Where does the first minimum appear in a double slit experiment with neutrons?

[erok81]

Homework Statement

In a double slit experiment, a beam of neutrons with speed 0.6m/s is diffracted by two apertures which are 0.05μm apart.

a. What is the neutron wavelength?
b. Where does the first minimum appear?

Homework Equations

\lambda = \frac{h}{p}

dsin\theta =(m+\frac{1}{2})\lambda

The Attempt at a Solution

First off for the wavelength.

\lambda = \frac{h}{p}

I had to calculate p first. Which is just mv -> (1.657x10^-27)(0.6) = 9.942x^-28

Plugging that into the de Broglie wavelength forumla...

\lambda = \frac{h}{p} = \frac{6.63\times10^{-34}}{1.005\times10^{-27}} = 6.6\times10^{-7}

That answers part a.

Now part b I am stuck on. First I don't know how far away the detector is, so I can't really give a definite location. So I was just going to go with the angle.

Using dsin\theta =(m+\frac{1}{2})\lambda with m= 0

I get...

sin^{-1}\left[\frac{1}{2}\times\frac{6.6\times10^{-7}}{0.05\times10^{-6}}\right] = sin^{-1}(sin{\theta})

Before taking the arcsin I have a value of 6.597. Which obvisouly gives me a weird answer for theta. Weird answer being 1.571° and -2.574°.

Any ideas where I am going wrong?

 

[vela]

I think your wavelength is off by a factor of 1000.

Well, maybe not. Let me recheck my calculations.

 

[erok81]

I hope it is. That would give me a better answer. I rechecked and I had p wrong in the post, which I've corrected, but in my wavelength calculation I had it right. So lamda is correct...at least for me.

 

[vela]

Your answer is correct. My mass was off by a factor of 1000. So the equation is telling you there is no minimum.

I'm wondering, though, if your velocity is correct; 0.6 m/s is pretty slow. Are you sure it's not supposed to be v/c=0.6, where c is the speed of light? Of course, if that's the case, the wavelength comes out incredibly small.

 

[erok81]

Your answer is correct. My mass was off by a factor of 1000. So the equation is telling you there is no minimum.

I'm wondering, though, if your velocity is correct; 0.6 m/s is pretty slow. Are you sure it's not supposed to be v/c=0.6, where c is the speed of light? Of course, if that's the case, the wavelength comes out incredibly small.

That's what I thought as well so I emailed the TA. He said it was right.

But like you said, maybe there is no minimum.

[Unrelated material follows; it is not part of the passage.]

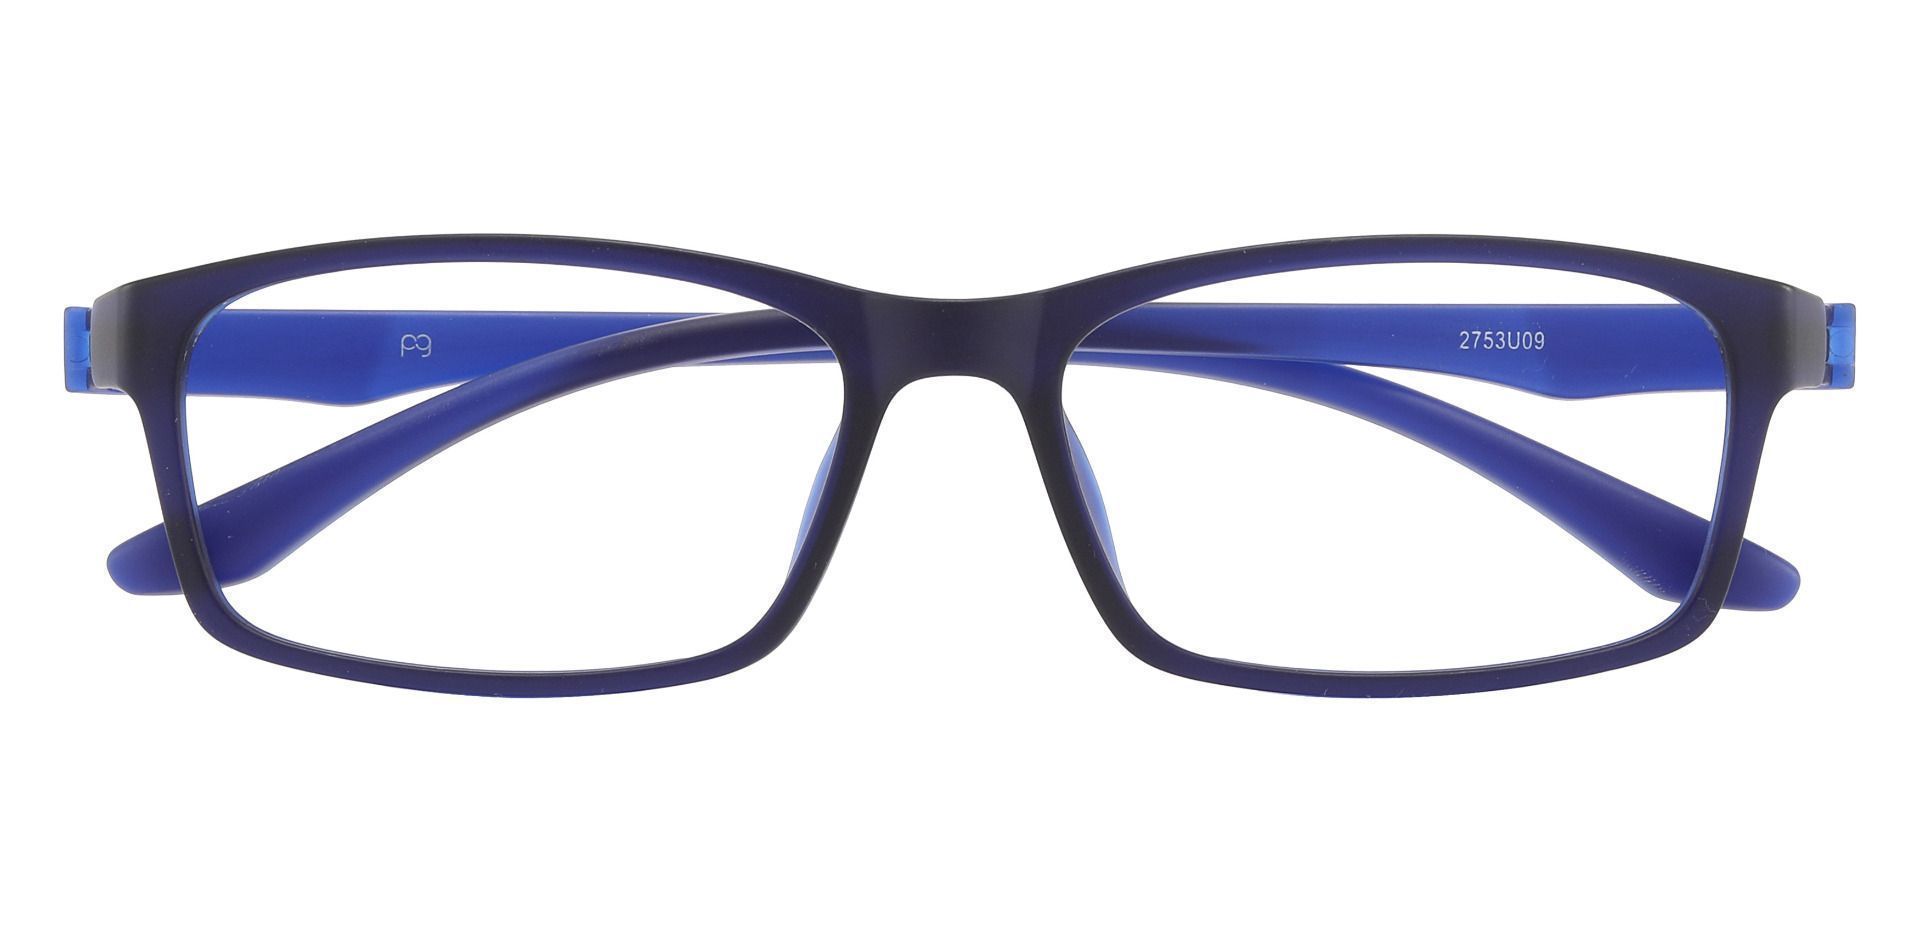 Poplar Rectangle Eyeglasses Frame - Matte Navy 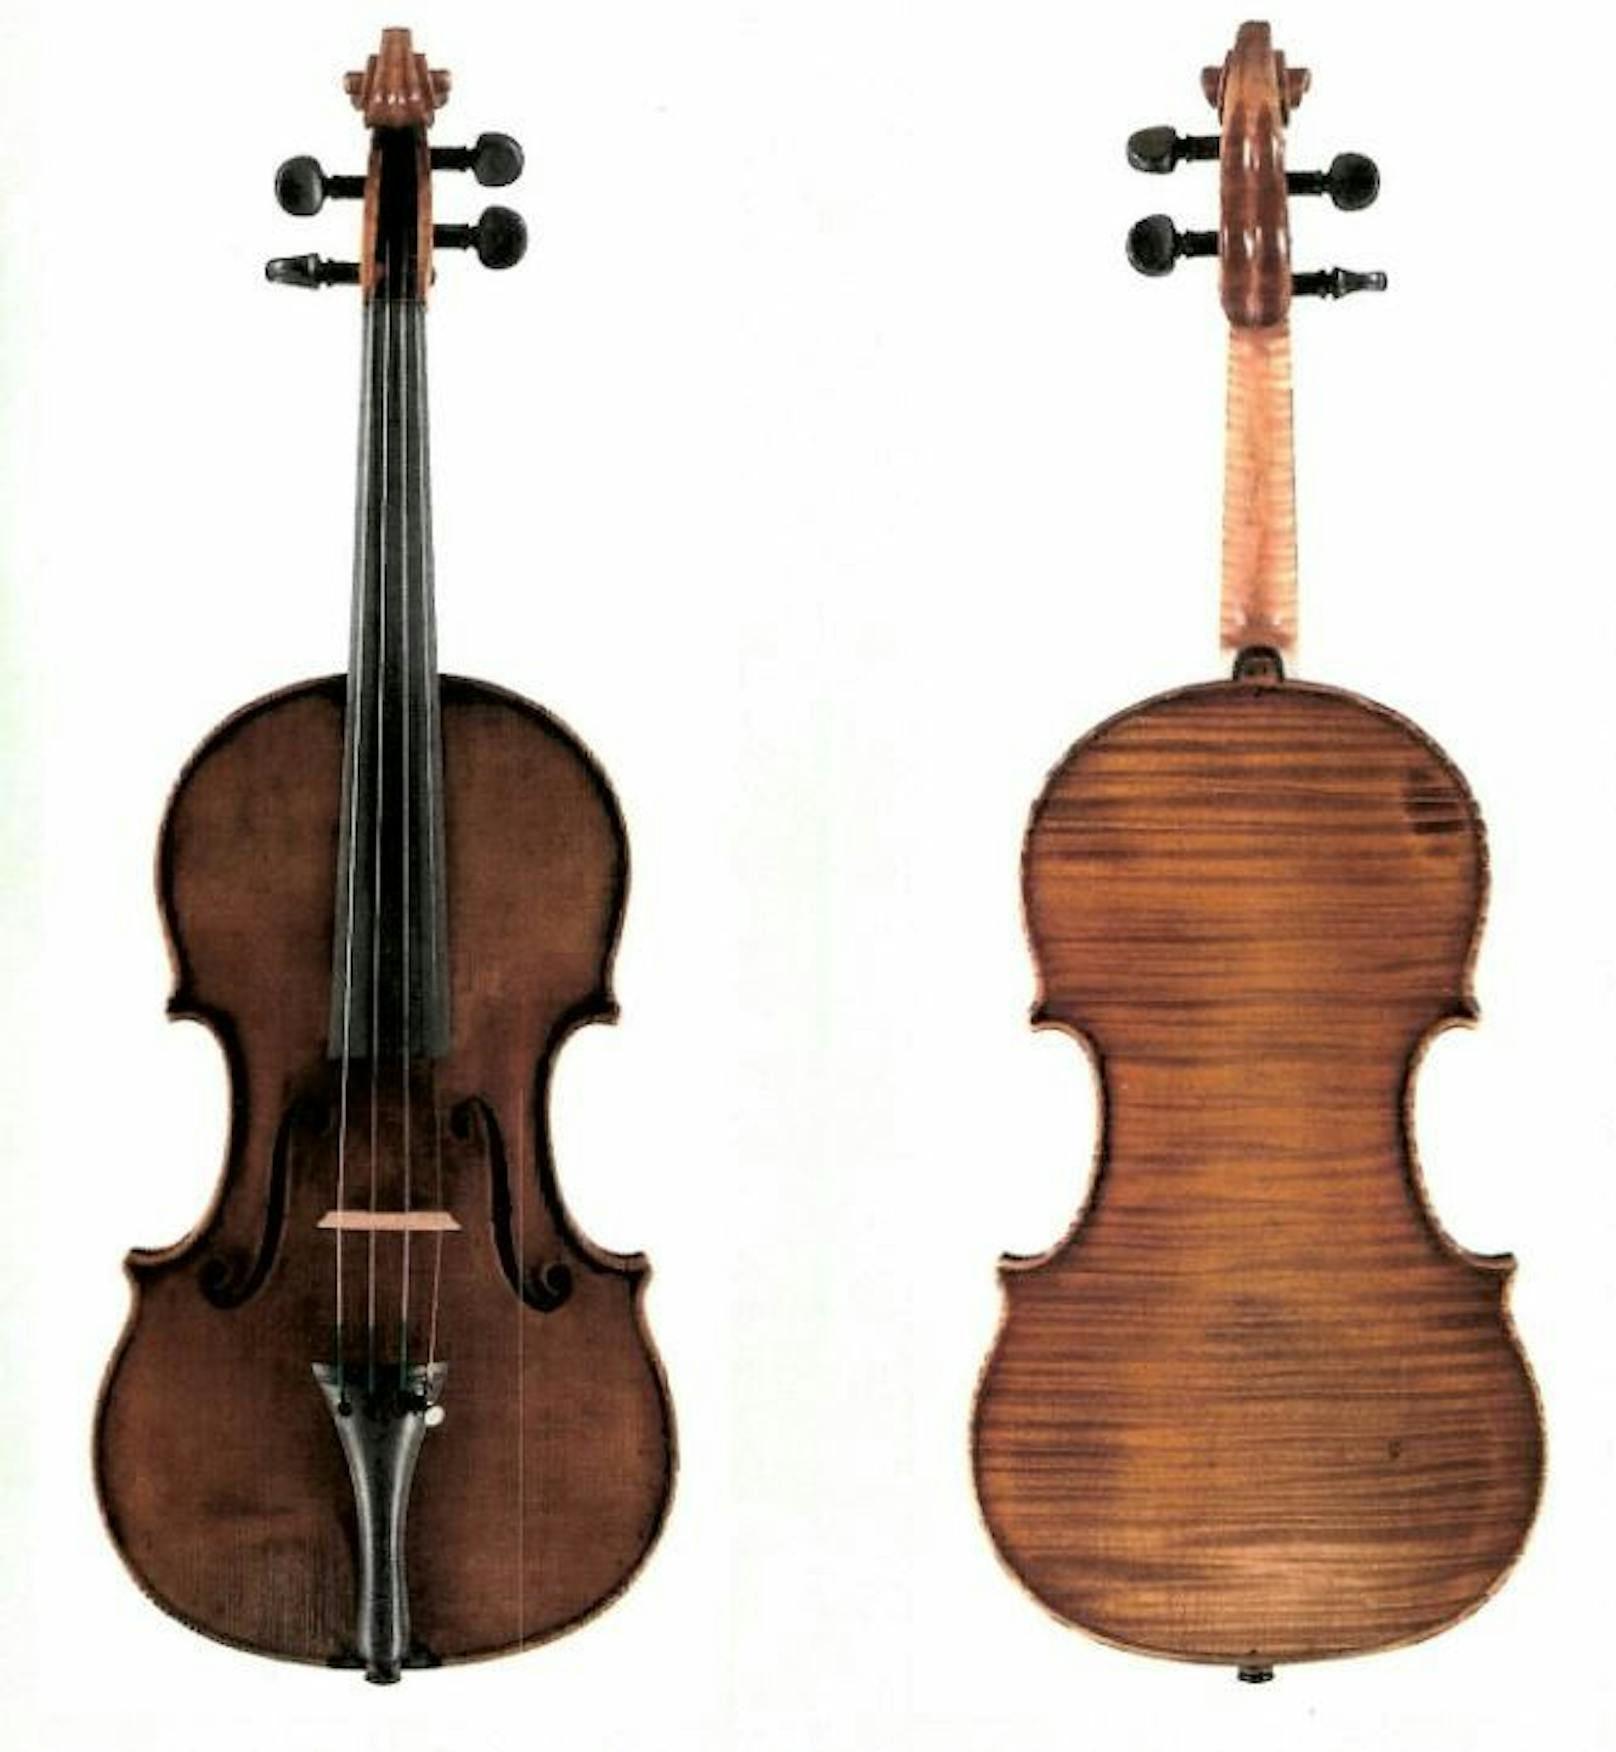 80.000 Euro teure Geige des Wiener Geigenbauers Gabriel Lemböck wurde im Zug vergessen.

Since without knowing the distance to the detector I can't really give an answer, only the angle.

 

[erok81]

Although...it's a fairly popular method of using neutrons and double slit experiments. At least from google. So if there is no minimum, I wonder what kind of info can be gained from this type of experiment.

 

[vela]

Probably not much, other than to place a lower bound on the distance between the scattering centers.

 

[erok81]

Perfect. Thanks for the help. Good to know I didn't mess it up. :)